Boeing officials claim that the cash infusion from the government “will be used for payments to suppliers to maintain the health of the supply chain.” However, its actions in the wake of the 2008 bailout of Wall Street indicate that the bulk of the money will go to push up Boeing stock and the wealth of executives, hedge funds and major shareholders, which is tied to the massive inflation of share values.
From 2014 to 2019, it spent just under $60 billion on stock buybacks and dividends, all of which went into the pockets of its wealthy investors and top shareholders. This includes ex-CEO Dennis Muilenburg, who oversaw the introduction of the deadly Max 8 jet.
It is worth noting that the $60 billion figure equals what Boeing requested from the government last week. In a statement, the firm said it “supports a minimum of $60 billion… for the aerospace manufacturing industry.” Boeing would receive the lion’s share of any such bailout.

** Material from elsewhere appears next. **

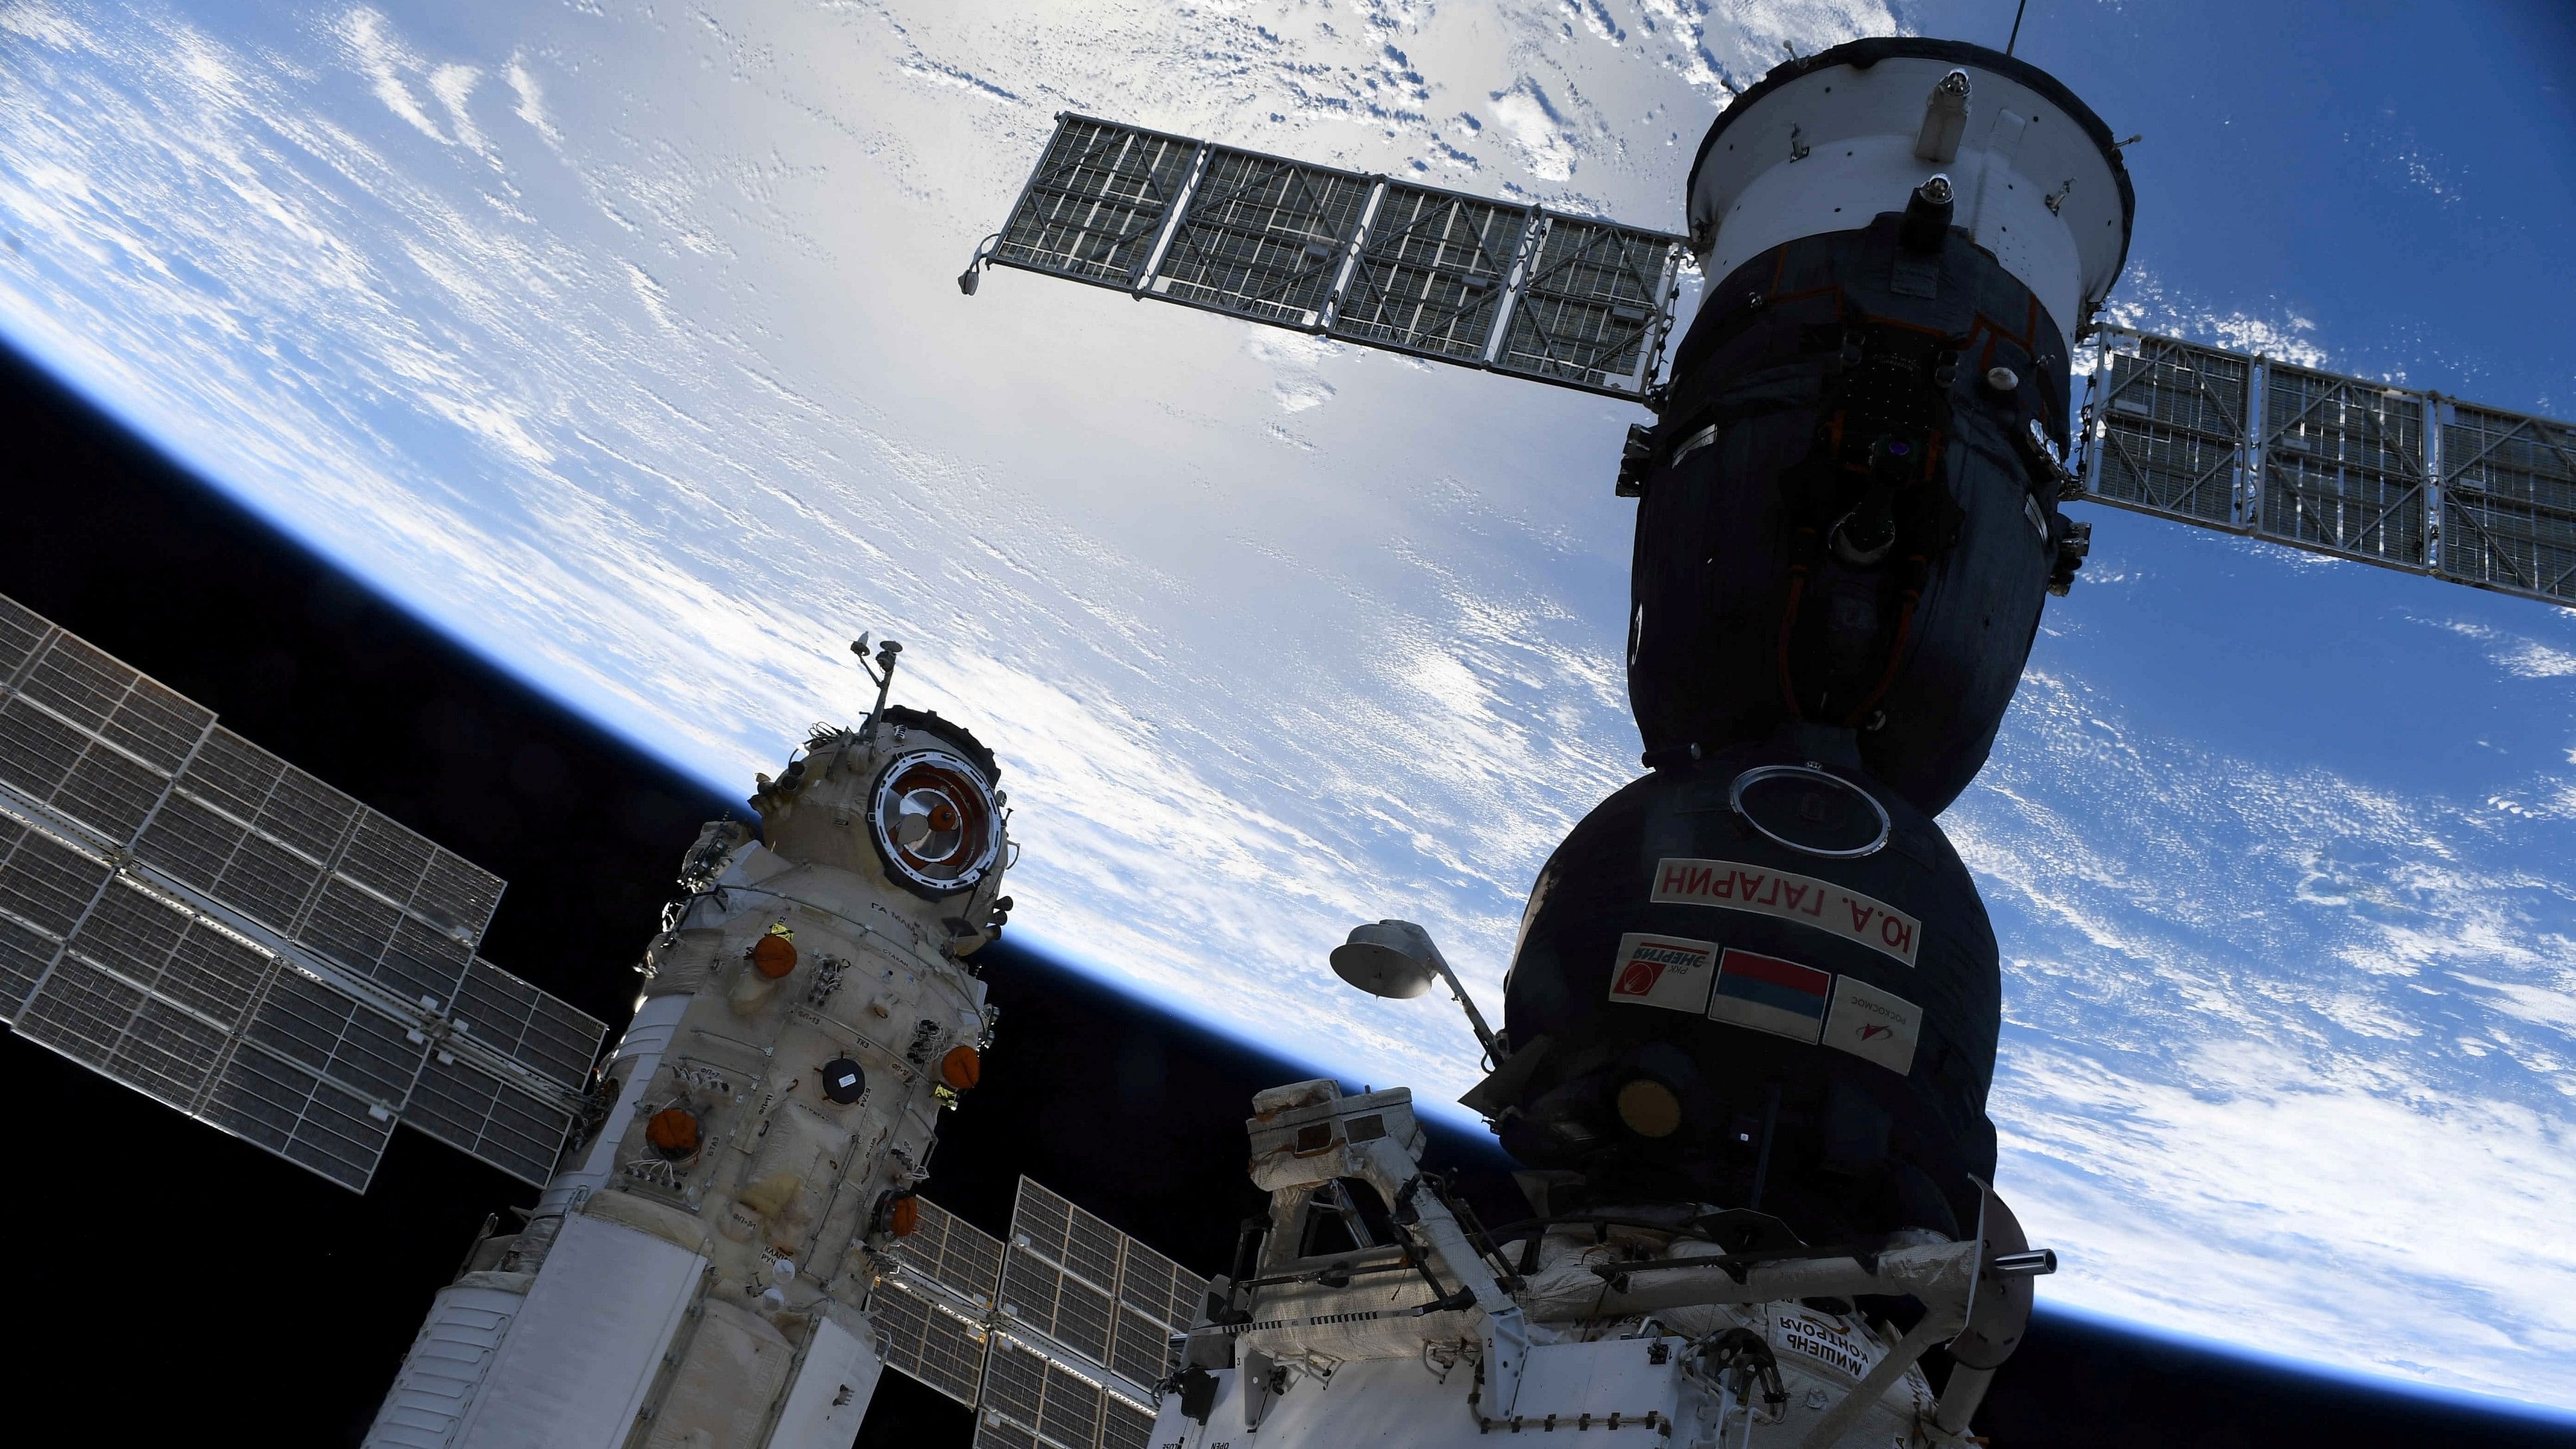 <div class="paragraphs"><p>The Nauka (Science) Multipurpose Laboratory Module is seen docked to the International Space Station (ISS) next to next to Soyuz MS-18 spacecraft on July 29, 2021.</p></div>

The massive sums being provided to Boeing sharply contrast with the pittance the corporate giant has provided for the 346 families that lost loved ones in the two crashes. Each received a mere $144,500 per crash victim from an account that is overseen by notorious Wall Street “fixer” Kenneth Feinburg. He is acting to defend the airplane manufacturer’s profits and refurbish its public image.
The money to the crash victims also pales in comparison to the money made by the current suite of Boeing executives who sold off a great deal of stock just before the markets began to tank at the end of February and beginning of March. These include President and CEO of Boeing Defense Space & Security Leanne Caret, who sold $5.9 million worth of stock, Executive Vice President Ted Colbert ($2.4 million), Senior Vice President B. Marc Allen ($2.3 million) and President and CEO of Boeing Commercial Airplanes Stanley A. Deal ($2.5 million).

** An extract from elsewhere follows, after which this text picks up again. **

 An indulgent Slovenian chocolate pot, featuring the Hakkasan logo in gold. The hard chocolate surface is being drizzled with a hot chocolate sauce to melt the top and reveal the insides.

During this same period, these executives rewarded themselves with gifts of stock worth, at their 2019 height, $3.9 million, $2.3 million, $1.7 million and $4.0 million, respectively. At least nine other members of Boeing’s leadership received similar sums in the past month.

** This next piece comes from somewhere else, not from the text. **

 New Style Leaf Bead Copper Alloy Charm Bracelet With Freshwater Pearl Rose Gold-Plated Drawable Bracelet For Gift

Boeing’s major investors also stand to make a killing off the company’s rising share prices. These include The Vanguard Group, Inc., which currently owns $11 billion in shares, Newport Trust Co., with $8.4 billion, and T. Rowe Price Associates, Inc., holding $8.2 billion. If Boeing’s stock returns to its previous values, these companies stand to more than double the value of what they currently own.